Subordinated Guarantee - Infineon Technologies AG and Infineon Technologies Holding BV
Infineon Technologies AG,
Munich, Federal Republic of Germany
in favour of the holders of the
4.25% Guaranteed Subordinated Convertible Notes of 2002/2007
in the aggregate
principal amount of €1,000,000,000 (the "Notes")
Infineon Technologies Holding B.V.,
Rotterdam, The Netherlands
The Guarantor hereby unconditionally and irrevocably guarantees to the Noteholders (which expression shall, for the purposes of this Subordinated Guarantee, include any Noteholders under any additional Notes issued by the Issuer under § 20 of the Conditions (as defined below)) the due and punctual payment in accordance with the Terms and Conditions of the Notes (the "Conditions") of any and all sums expressed to be payable by the Issuer under the Notes.
The obligations of the Guarantor under this Subordinated Guarantee shall be subordinated to the claims of all other creditors of the Guarantor which are senior and not subordinated, rank at least pari passu with all other subordinated obligations of the Guarantor and, in the event of liquidation, bankruptcy or other proceedings to avoid bankruptcy of the Guarantor, any payment which might become due under the Guarantee shall be made only after all claims against the Guarantor which are senior and not subordinated have been satisfied.
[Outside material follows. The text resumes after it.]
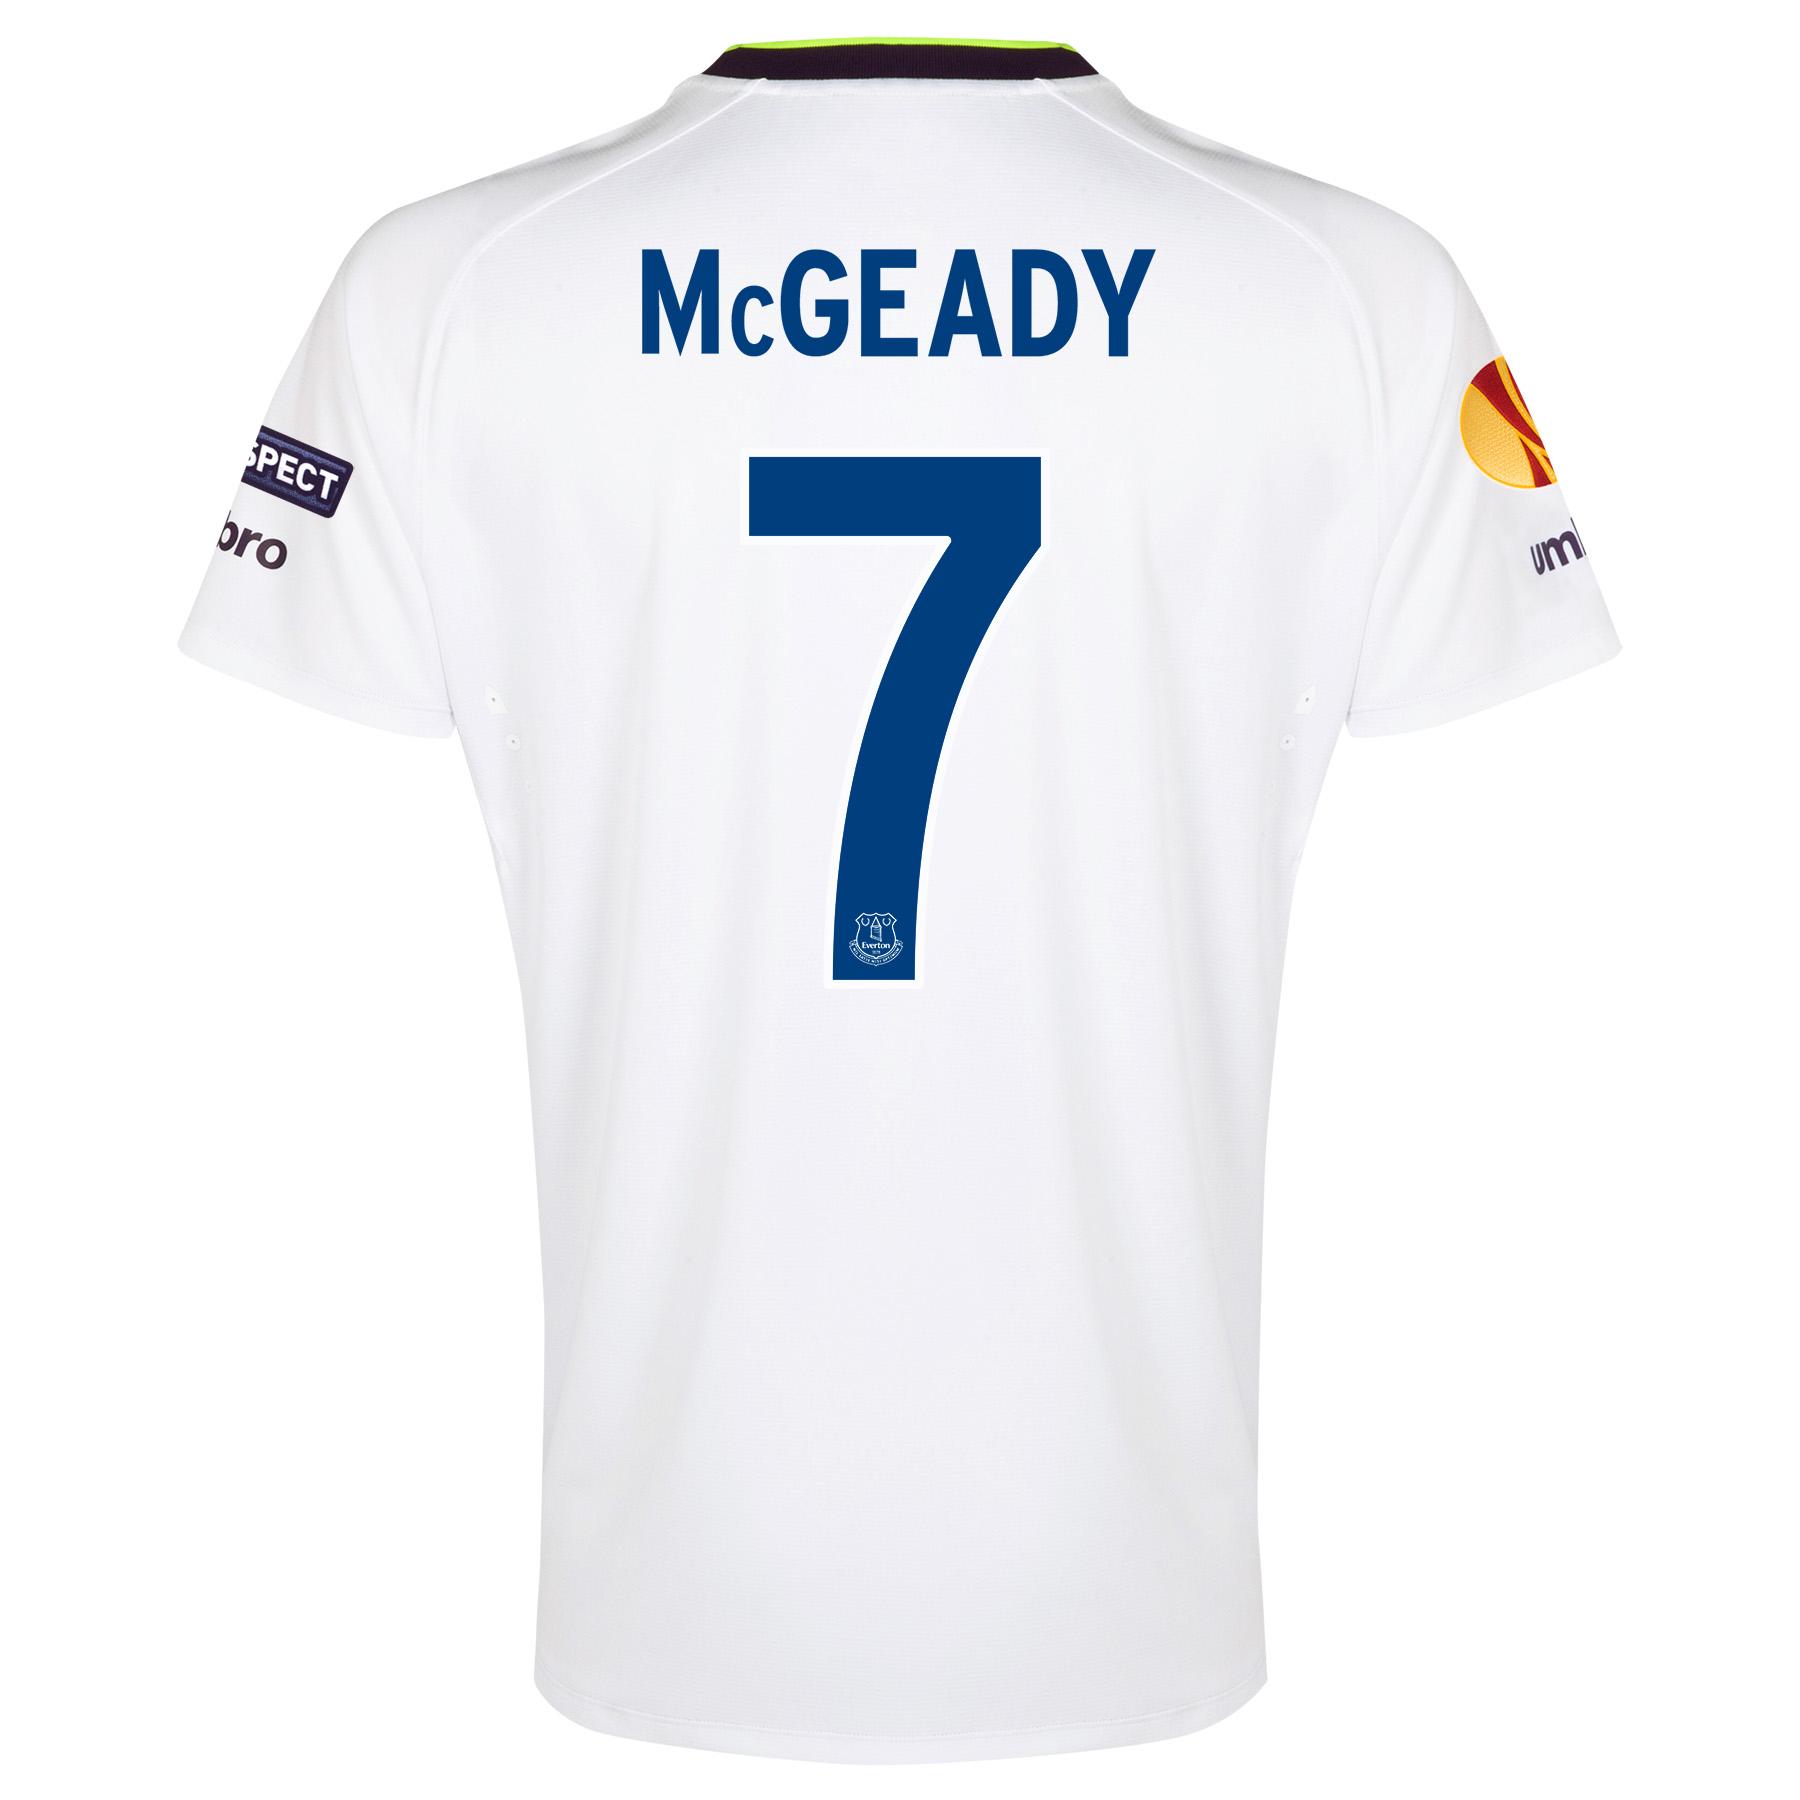 Everton UEFA Europa League 3rd Shirt 2014/15 with McGeady 7 printing

Any right to set-off claims arising from the Guaranteed Subordinated Convertible Notes or under the Subordinated Guarantee against claims of the Guarantor shall be excluded. The subordination specified in the foregoing sentence with respect to Notes for which the Conversion Right (§ 7(1) of the Conditions) has been validly exercised shall be subject to the condition subsequent (auflösende Bedingung) of the exercise of the Conversion Right (§ 7 of the Conditions) and terminate with effect as of the Issue Date (§ 3(1) of the Conditions) on the day immediately prior to the Conversion Date (§ 8(4) of the Conditions) at 24 hours.
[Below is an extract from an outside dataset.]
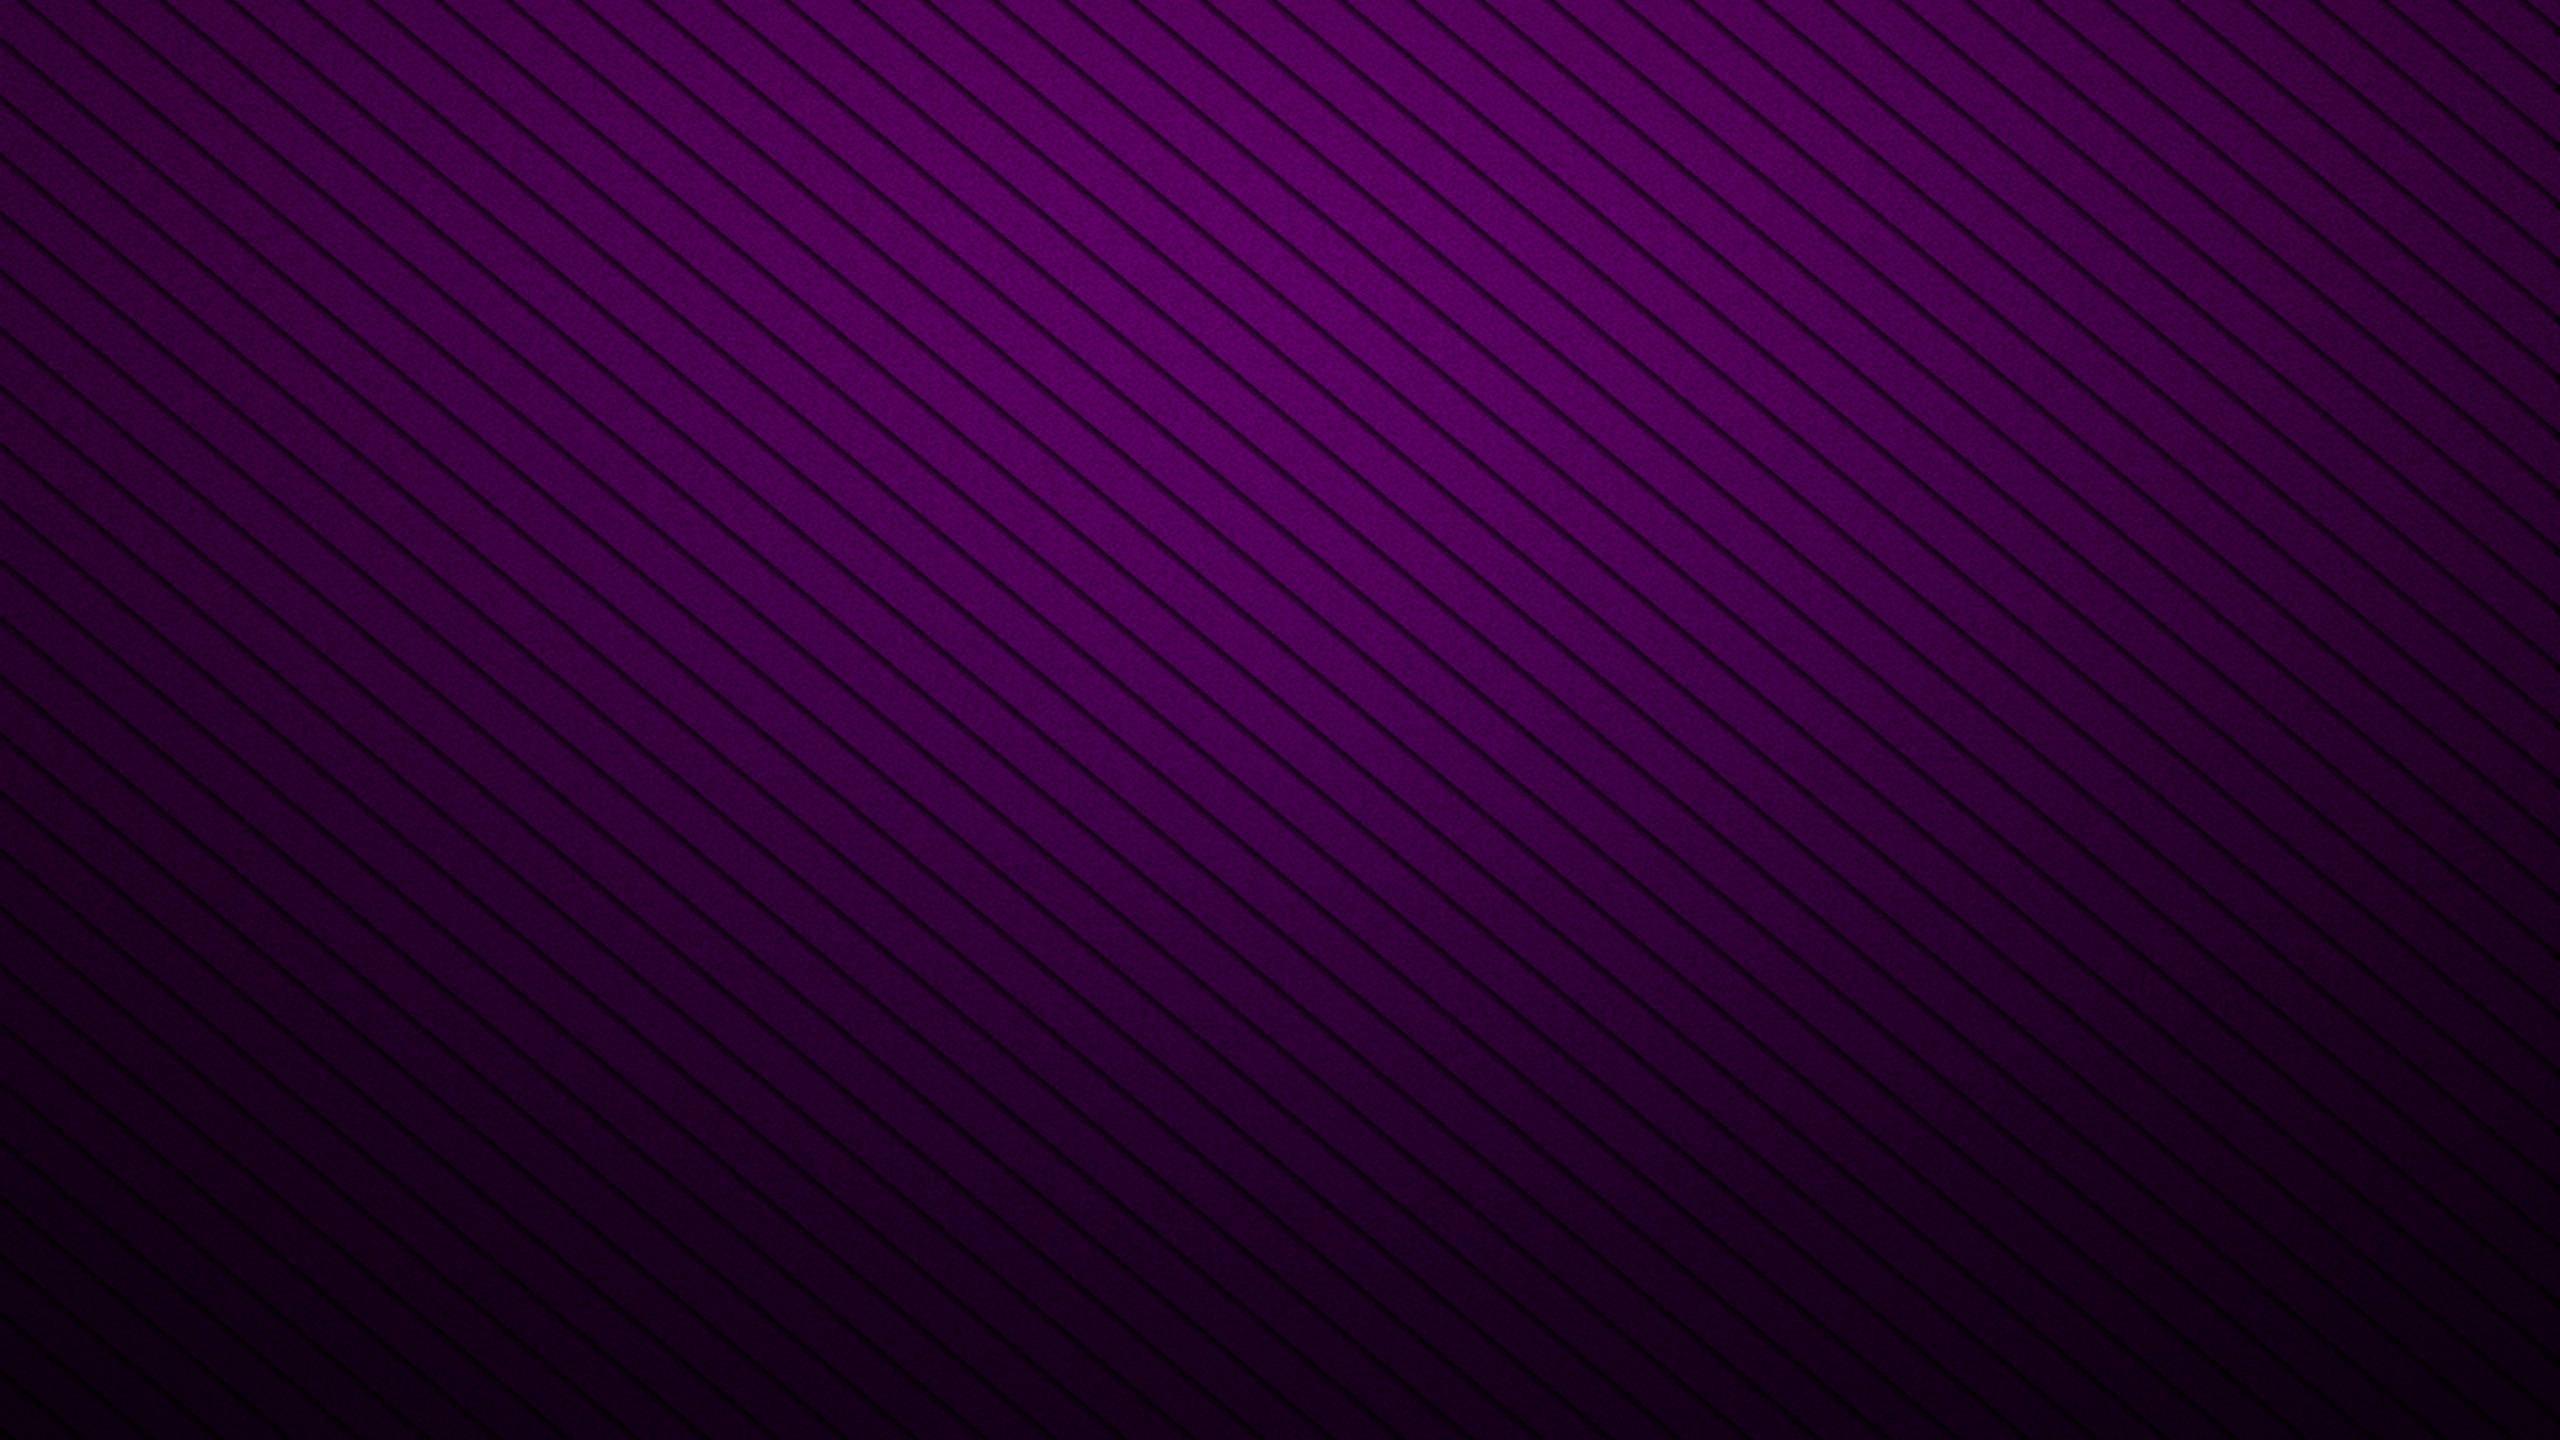 Purple And Black Wallpaper – Desktop Backgrounds

Subject to the foregoing paragraph the intent and purpose of this Guarantee is to ensure that the Noteholders under all circumstances, whether factual or legal, and regardless of the validity and enforceability of the obligations of the Issuer or the company (other than the Guarantor) which may have been substituted for the same pursuant to § 17 of the Conditions (the "Substitute Issuer"), or of any other grounds on the basis of which the Issuer or the Substitute Issuer may fail to effect payment, shall receive the amounts payable as principal, interest and other amounts payable to the Noteholders pursuant to the Conditions on the due dates therefor provided for in the Conditions.
The Guarantor further undertakes, so long as any Notes shall remain outstanding, but only up to the time at which all amounts payable to the Noteholders under the Notes in accordance with the Conditions have been placed at the disposal of the Principal Paying Agent (as defined in § 18(1) of the Conditions) and all obligations pursuant to § 7 of the Conditions have been fulfilled, not to secure any subordinated Capital Market Indebtedness (as defined in § 2(4) of the Conditions), including any guarantees or other indemnities assumed in respect thereof, upon any of its assets without at the same time providing that the Noteholders share equally and rateably in such security. This undertaking shall not apply to a security which is (i) mandatory according to applicable laws or (ii) required as a prerequisite for governmental approvals. Any security which is to be provided hereunder may also be provided to a person acting as trustee for the Noteholders.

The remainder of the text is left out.